‘Transformed’: Hundreds of Ultimo students to start school at new ‘pop-up’ campus

What has been hailed by the NSW government as a “clever solution for Ultimo Public School” will be opened on Tuesday for the students, families and staff on their first day back at school.

They will be returning to a “pop-up” school located and built temporarily at Wentworth Park on Wattle Street, opposite the original site of the school on Quarry Street.

Premier Gladys Berejiklian and Education Minister Rob Stokes unveiled the temporary “pop-up” solution on Monday, as the former site of the public school is redeveloped to accommodate an extra 500 students. About 800 students are expected to walk through the gates of the new school this year, a rapid increase from its original 360 students.

The grounds of a temporary school in Ultimo. Photo: Brook Mitchell

Ms Berejiklian said the new temporary school had been “cleverly designed” to fit into one of the city’s most densely populated suburbs.

“Ultimo has been transformed over the last decade into a cosmopolitan urban community, which is reflected in the design of this brand new school,” said Ms Berejiklian.

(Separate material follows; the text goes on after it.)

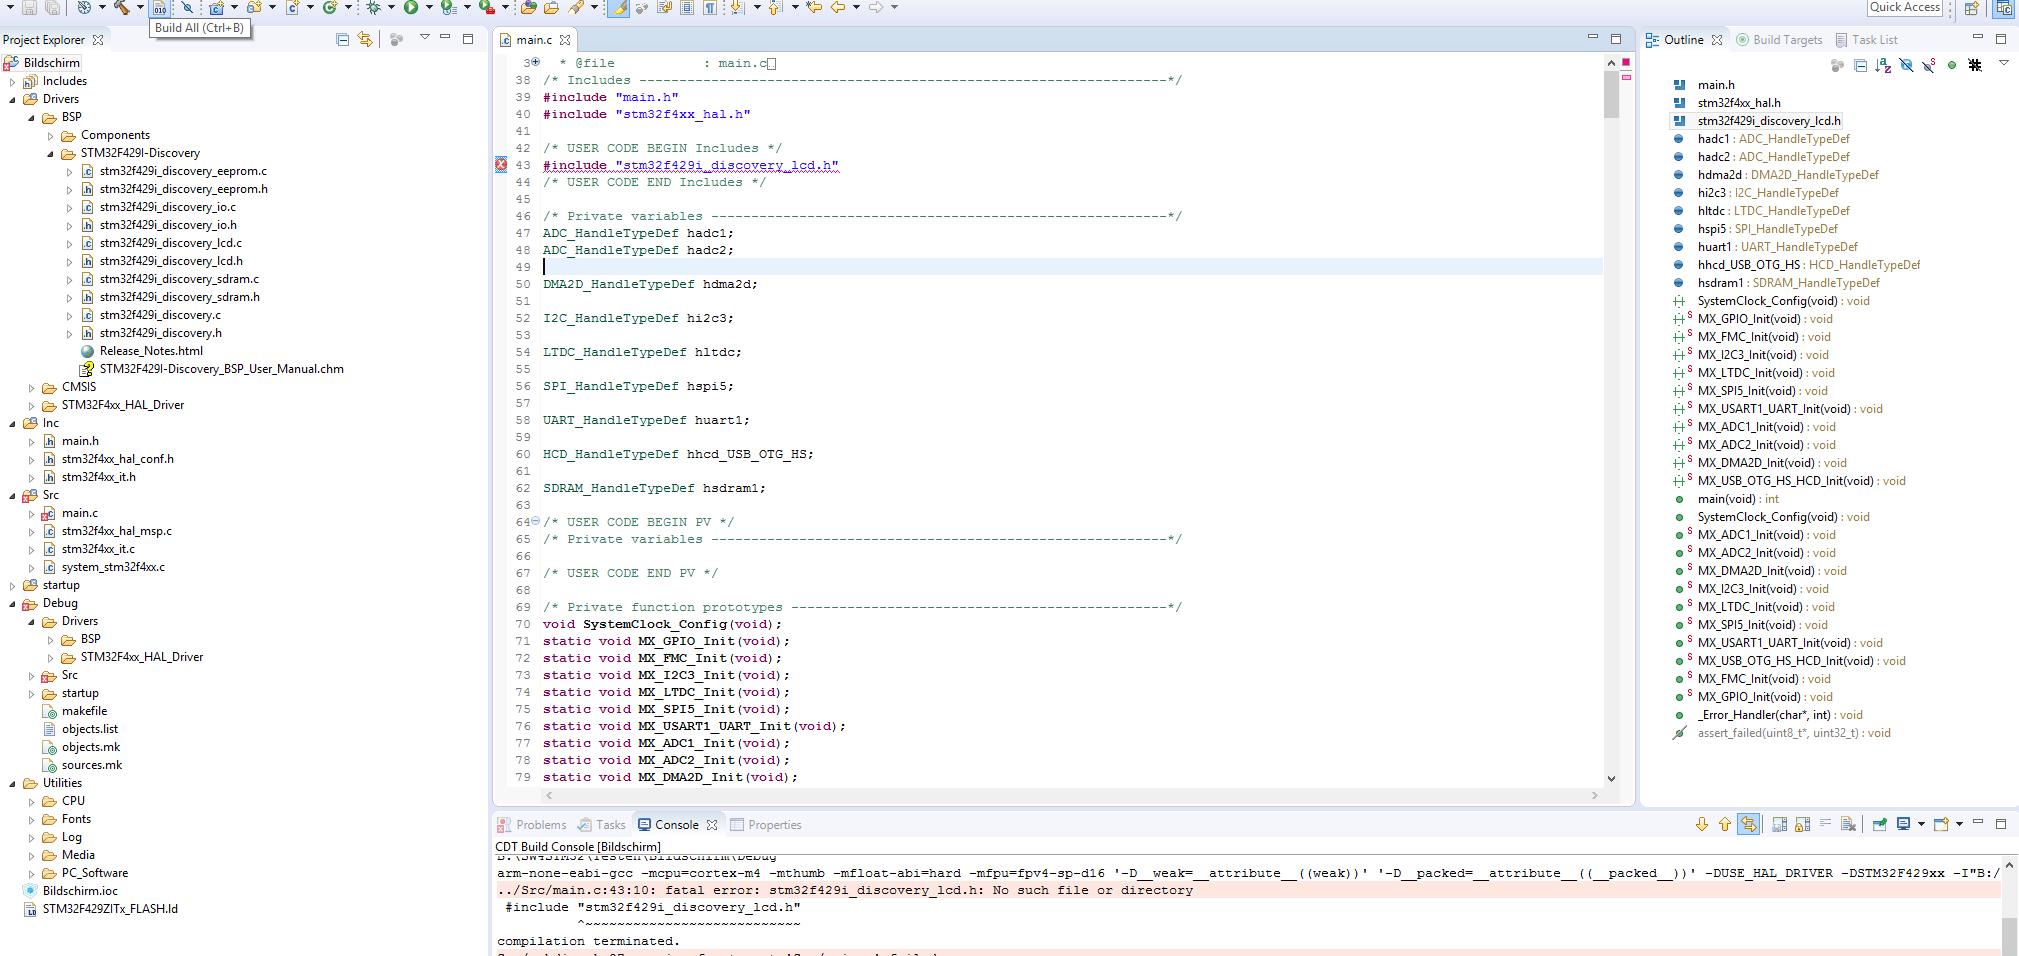 SW4STM32 und STM32F429i_Disco, Probleme beim compilieren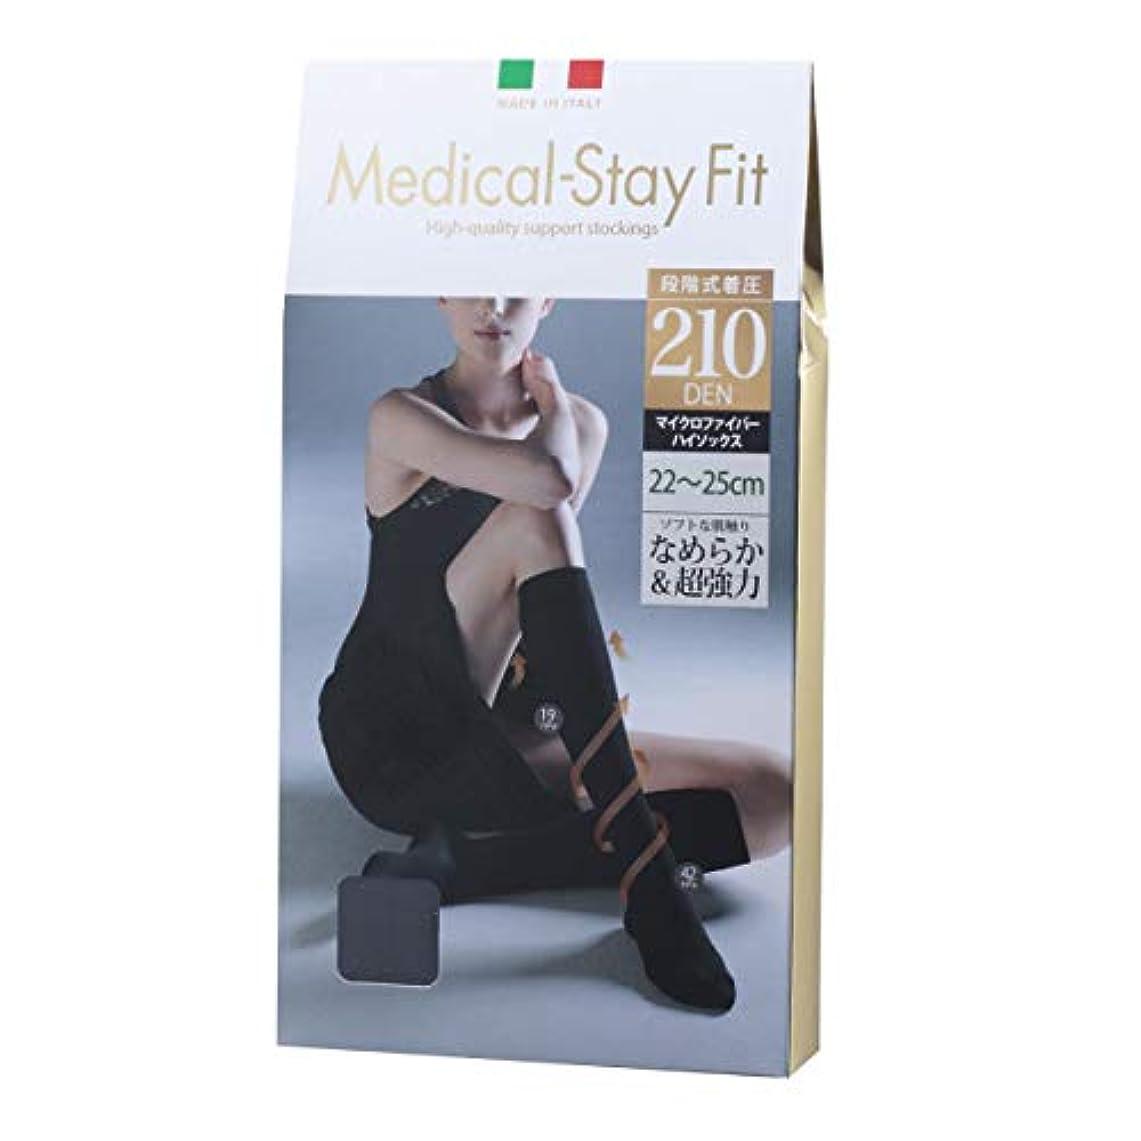 正しく香ばしい安息【メディカル ステイフィット】着圧マイクロファイバーハイソックス 210デニール ブラック (22-25cm)イタリア製 Medical-Stay Fit

The redeveloped school will be a single storey on the side facing Jones Street and reach three storeys at the side facing Wattle Street.

The new school will feature 30 new classrooms, a library and a hall. It will also contain after school facilities and indoor and outdoor spaces for sport and recreational purposes.

“This is to make sure that we have all of our children have the best education possible, even with having their new school built across the road,” Ms Berejiklian said.

Mr Stokes said the new school should be seen as a demonstration of their commitment to build “bigger and better” schools for the future as more “pop-up” schools are being planned for the city .

“There will be more than 120 major projects either in planning, in design or in delivery right now so we are going to see more of these sorts of innovative approaches,” said Mr Stokes.

Ultimo principal Nic Accaria said the temporary school had been met with great support by the families and staff.

“With my staff and a lot of our colleagues and with our families that I’ve spoken to over the holidays, we’ve really taken note of the fact that this is such an inviting environment,” said Mr Accaria.

The students are expected to be in the “pop-up” school until the end of the 2019 school year.

High-rise schools, “modular classroom blocks” and facilities being shared by students and the community are all part of the department’s $5 billion plan to meet an expected enrolment spike of 21 per cent, or 164,000 students, in NSW schools by 2031.

The Sydney local government area has one of the highest projected enrolment increases of 66.9 per cent, with an extra 9600 students expected by 2031.